SUPPLIED DATA:
========
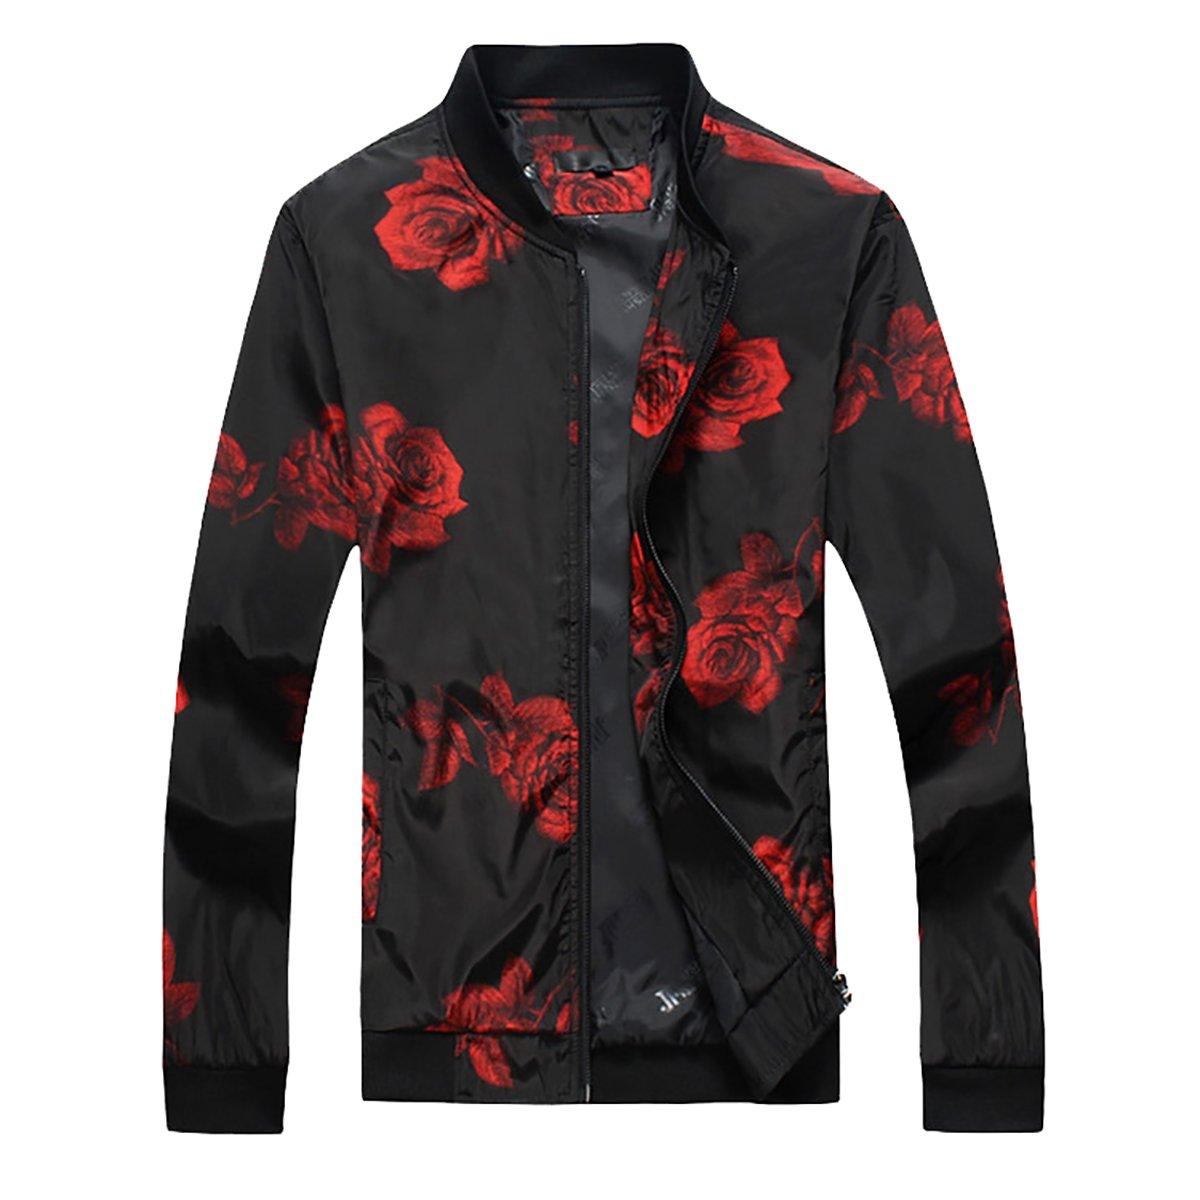 Cloudstyle Mens Slim Fit Jacket Lightweight Sportswear Casual Long Sleeve Bomber Jacket 003Jacket
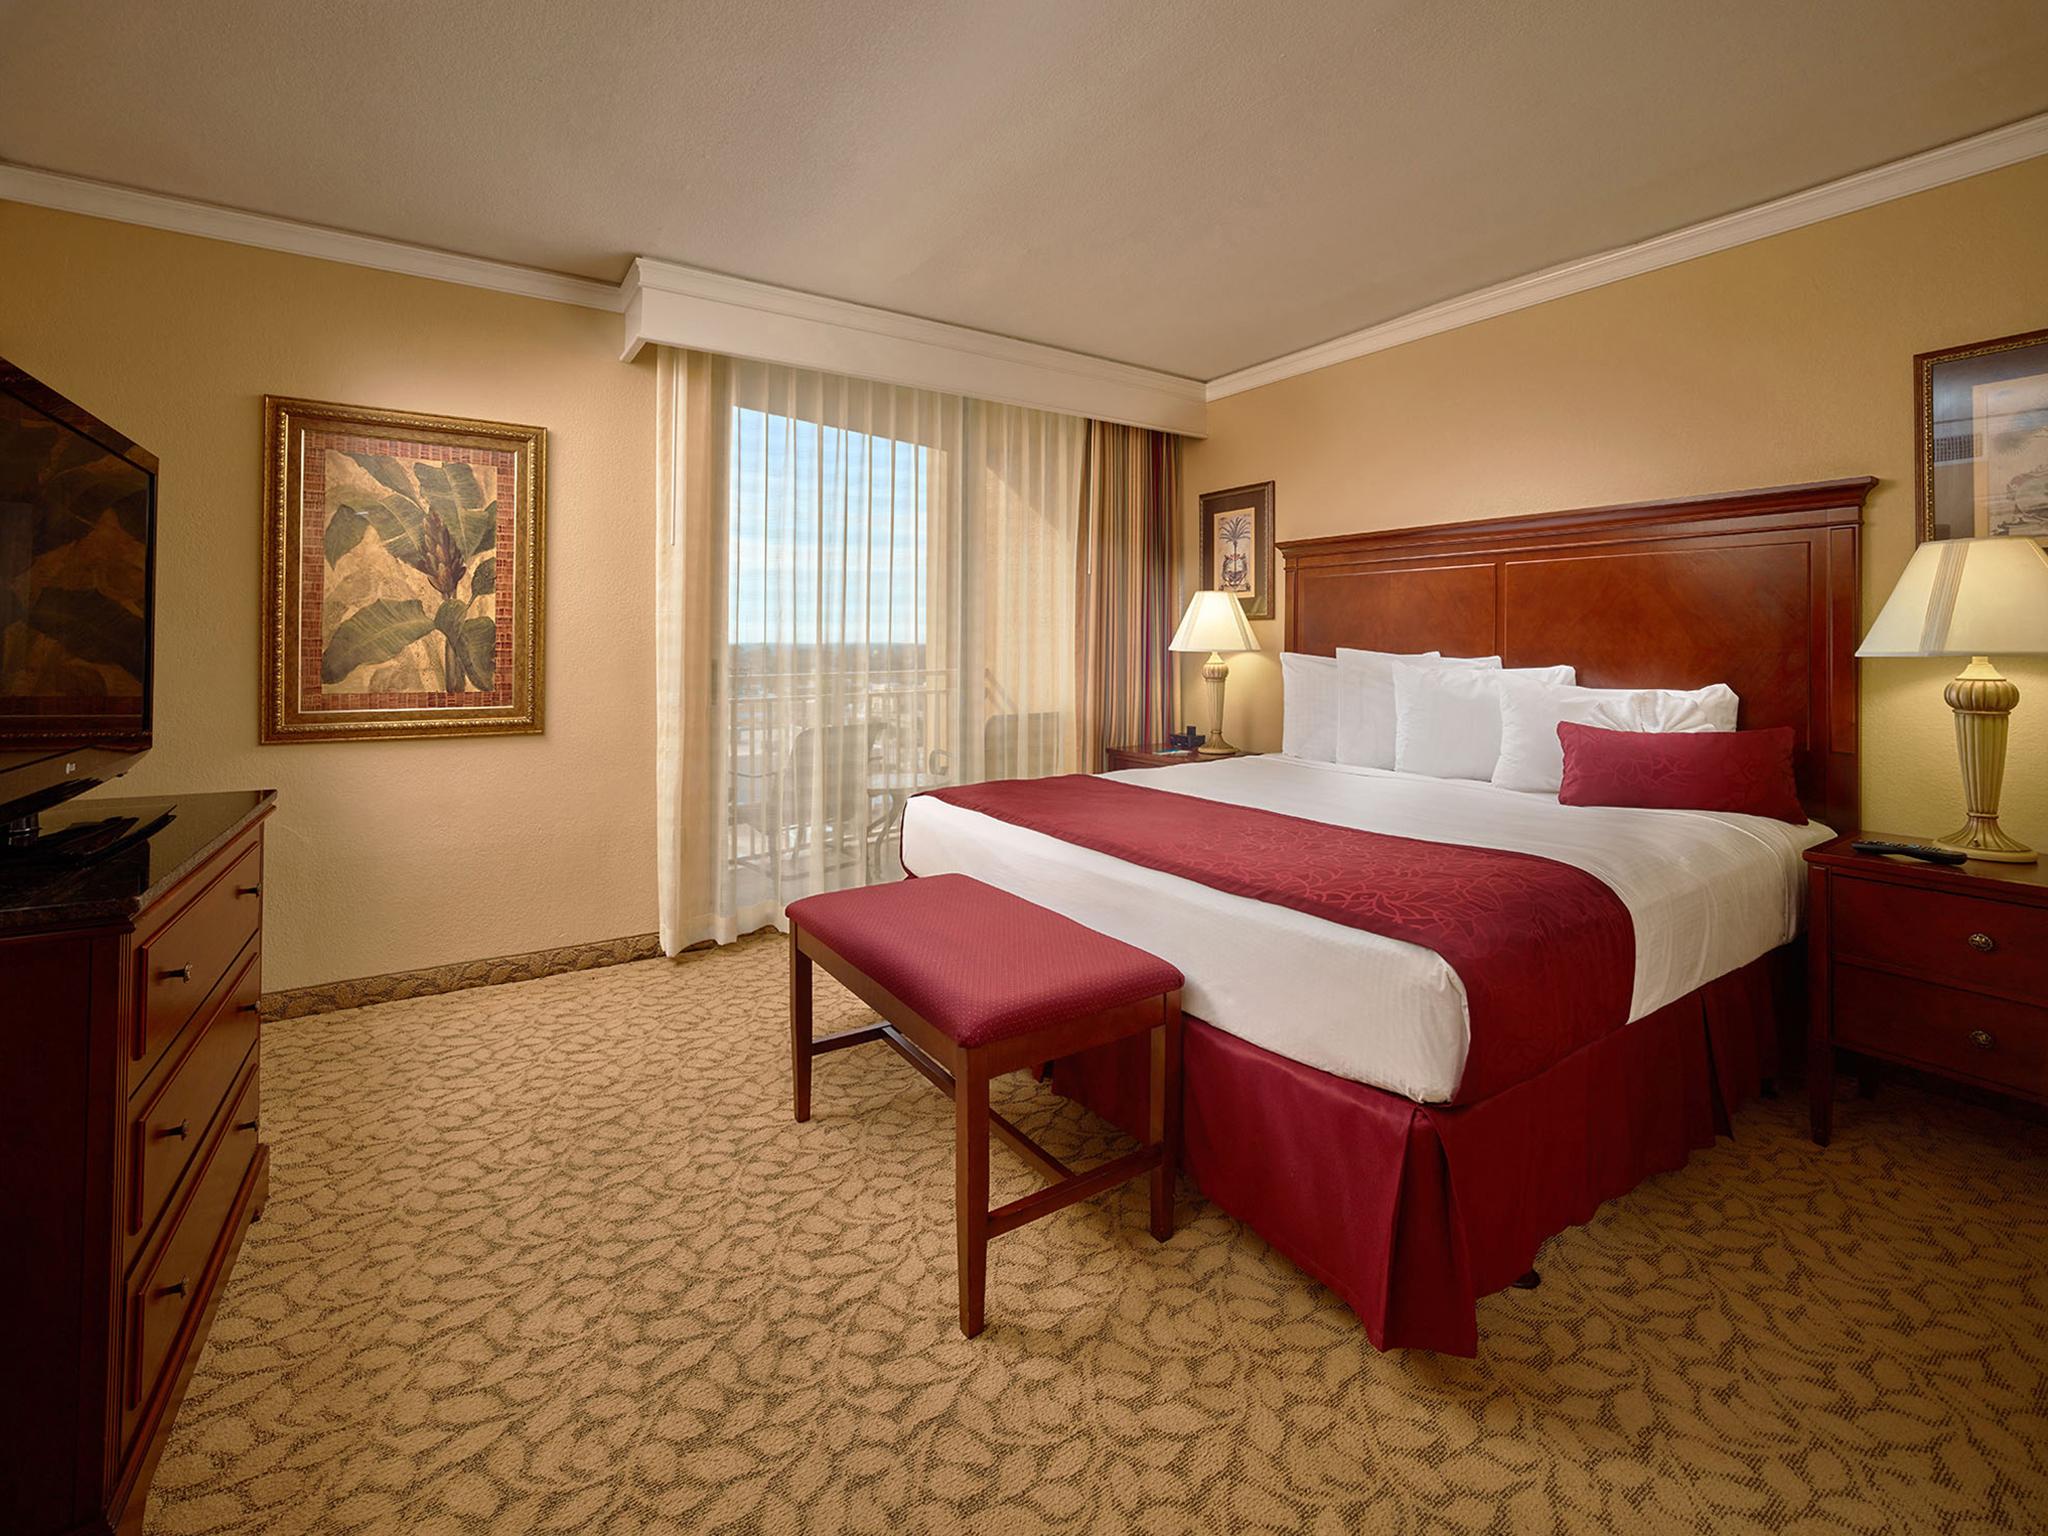 Standard King Plaza View Room
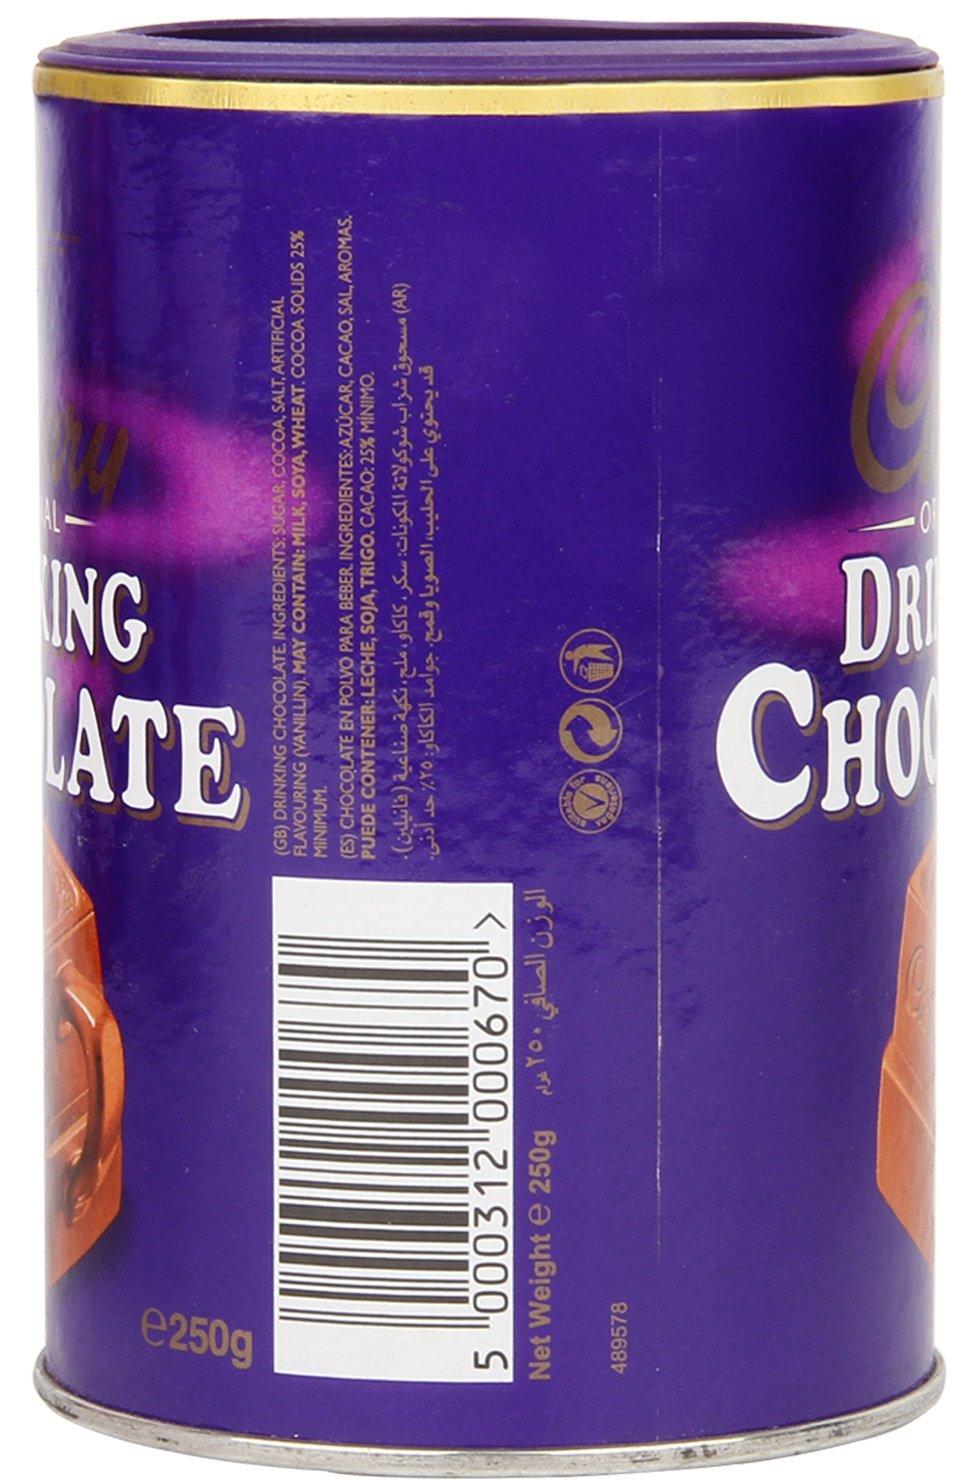 Cadbury Drinking Chocolate 250 gram (8.8oz)
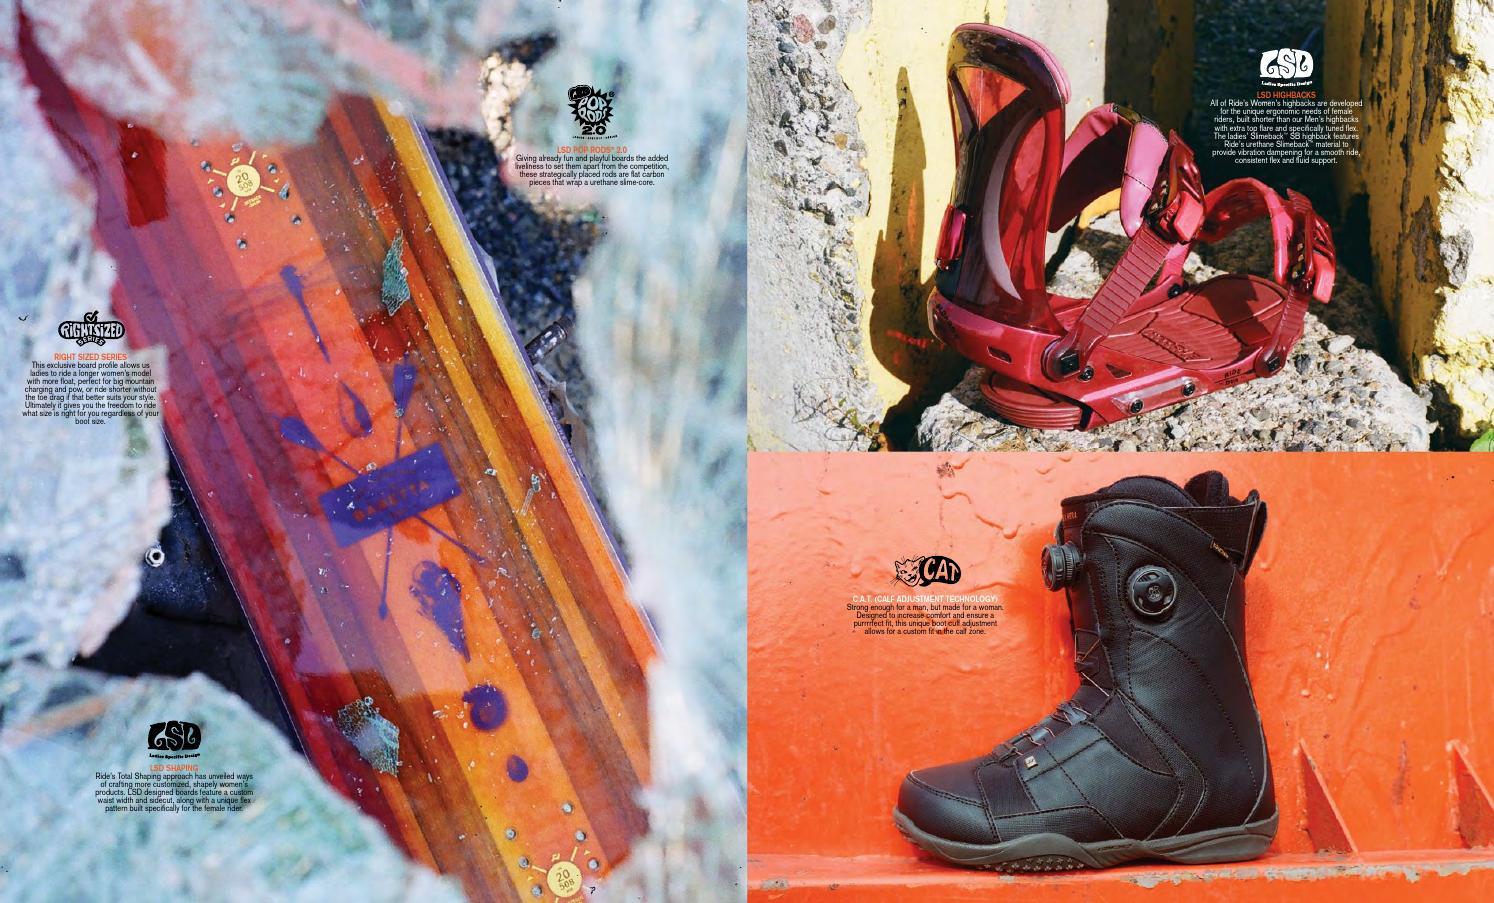 Katalog Ride 2015 By Snowsport Snowsport Issuu
========
GOAL OF THE EXERCISE: Each line from the line containing "Standard King Plaza View Room" through the final line of the data above must be retyped exactly; nothing else, and no pictures, may appear.

ANSWER AREA:
 Standard King Plaza View Room
 Cadbury Drinking Chocolate 250 gram (8.8oz)
 Katalog Ride 2015 By Snowsport Snowsport Issuu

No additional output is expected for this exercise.